# Ideas for grounding transformer



## erics37 (May 7, 2009)

Remember this wall of s**t I posted a little while back?



















Well I'm starting that job soon. We're demoing EVERYTHING on that wall and starting from scratch. We're putting a new transformer up as well but therein lies my problem. The old transformer, as far as I can tell by a cursory glance, does not have a connection to grounding electrode(s). Well who cares, right? We're ripping it out and starting over. Even if it does have one (maybe poking out the back into the wall or something), it's certainly not compliant with current NEC.

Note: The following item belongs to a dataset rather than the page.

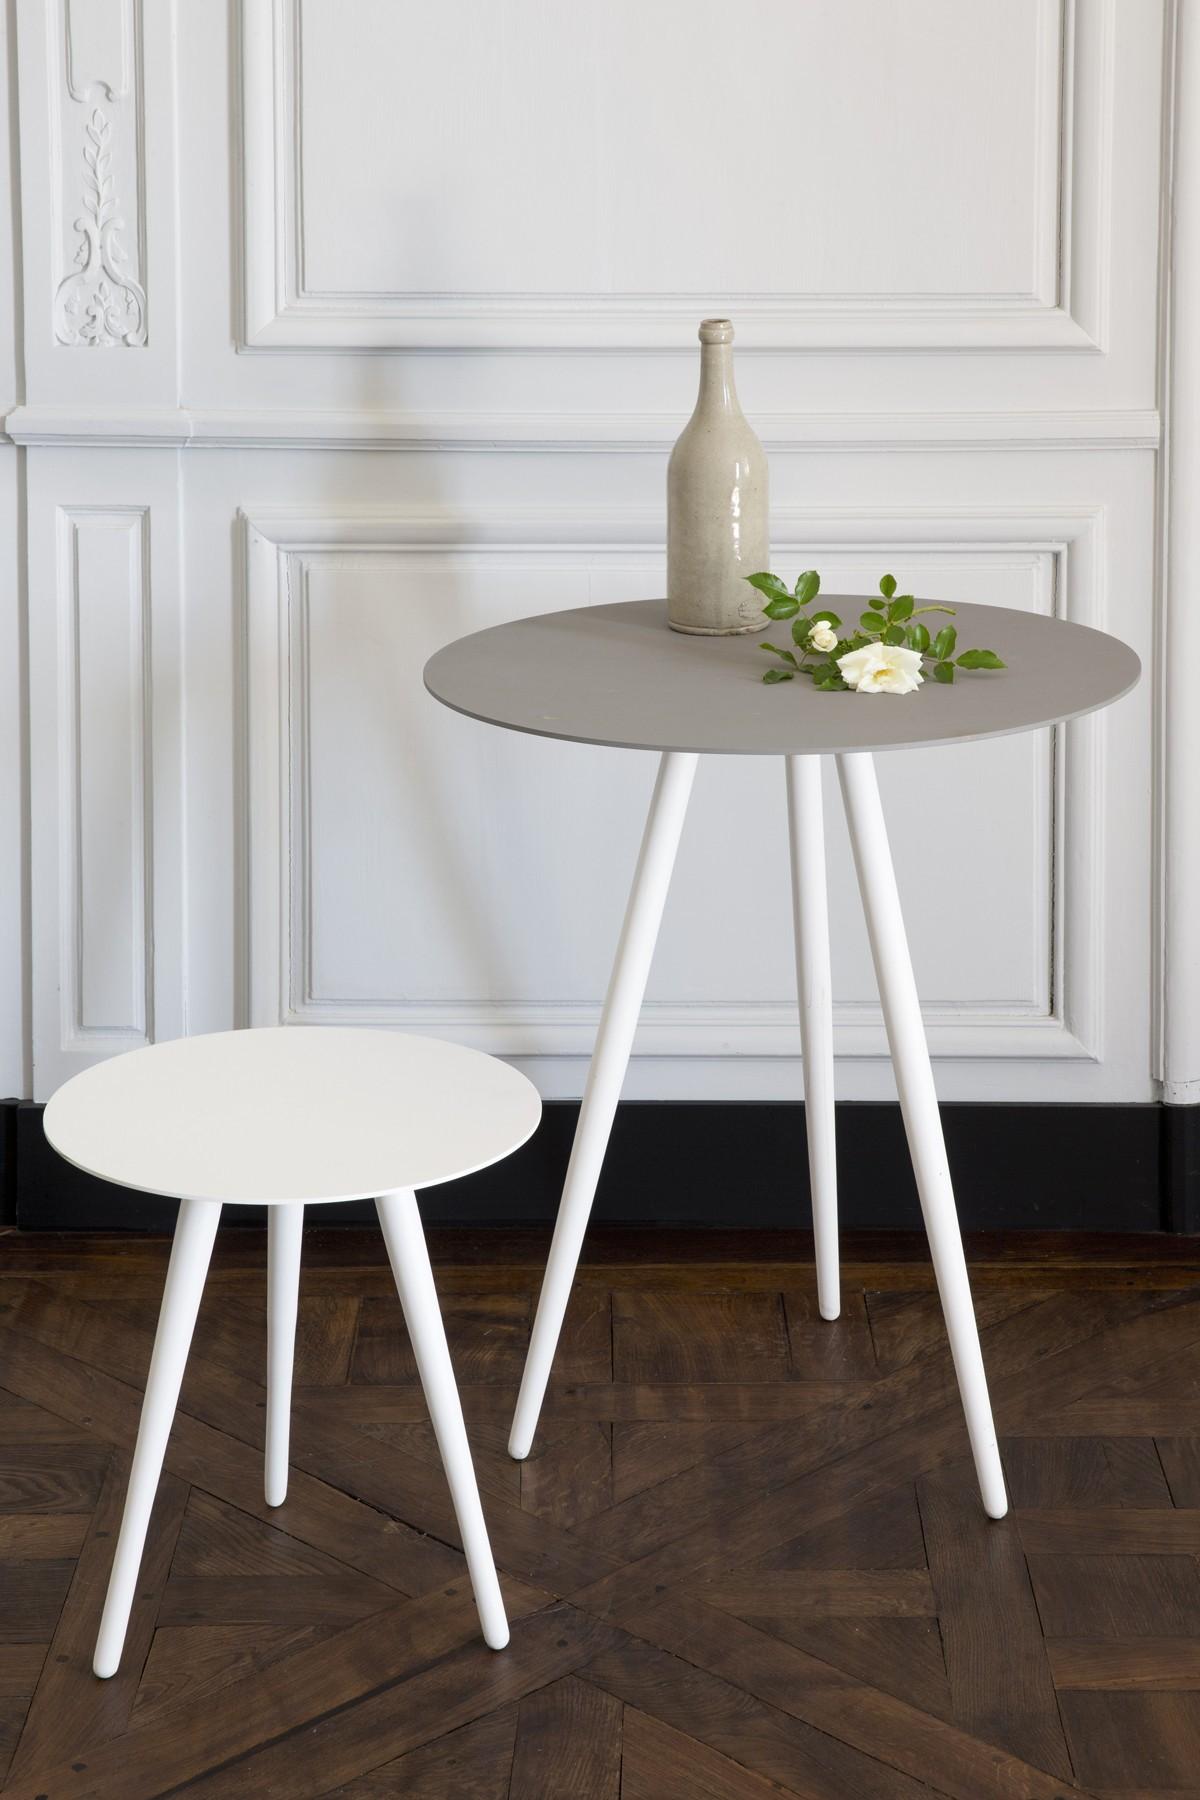 Swan Table - Résistub Productions

The building is wood (no structural steel electrode) and there is no metal water pipe in the structure. It's basically just an electrical-only building. 250.30(A)(4) exception tells me that if those two electrodes are not present for my transformer secondary SDS then I can use any other type of electrode. Well this building is built on a concrete pier on pilings over the bay. Can't drive ground rods or dig in a ground plate or ground ring. What do y'all suggest? Should I have them trench out some concrete and lay a ufer in there and repour it? Anything easier? The pilings are all wood and the beams are all huge old timbers (old building).


----------



## D-Bo (Apr 15, 2012)

that's quite the clusterf*** you've got there. i like the ufer idea. might be on to something there


----------



## D-Bo (Apr 15, 2012)

this building have an ariel feed?


----------



## wildleg (Apr 12, 2009)

what's the building going to be used for ? how far to land ? how deep is the water ?


----------



## Bbsound (Dec 16, 2011)

Throw some copper in the water!!


----------



## erics37 (May 7, 2009)

D-Bo said:


> this building have an ariel feed?


Currently yes, but we're going to refeed it from underneath. I have to go on the catwalks and sea wall and jetties down below and fight off sea lions while running conduit 



wildleg said:


> what's the building going to be used for ? how far to land ? how deep is the water ?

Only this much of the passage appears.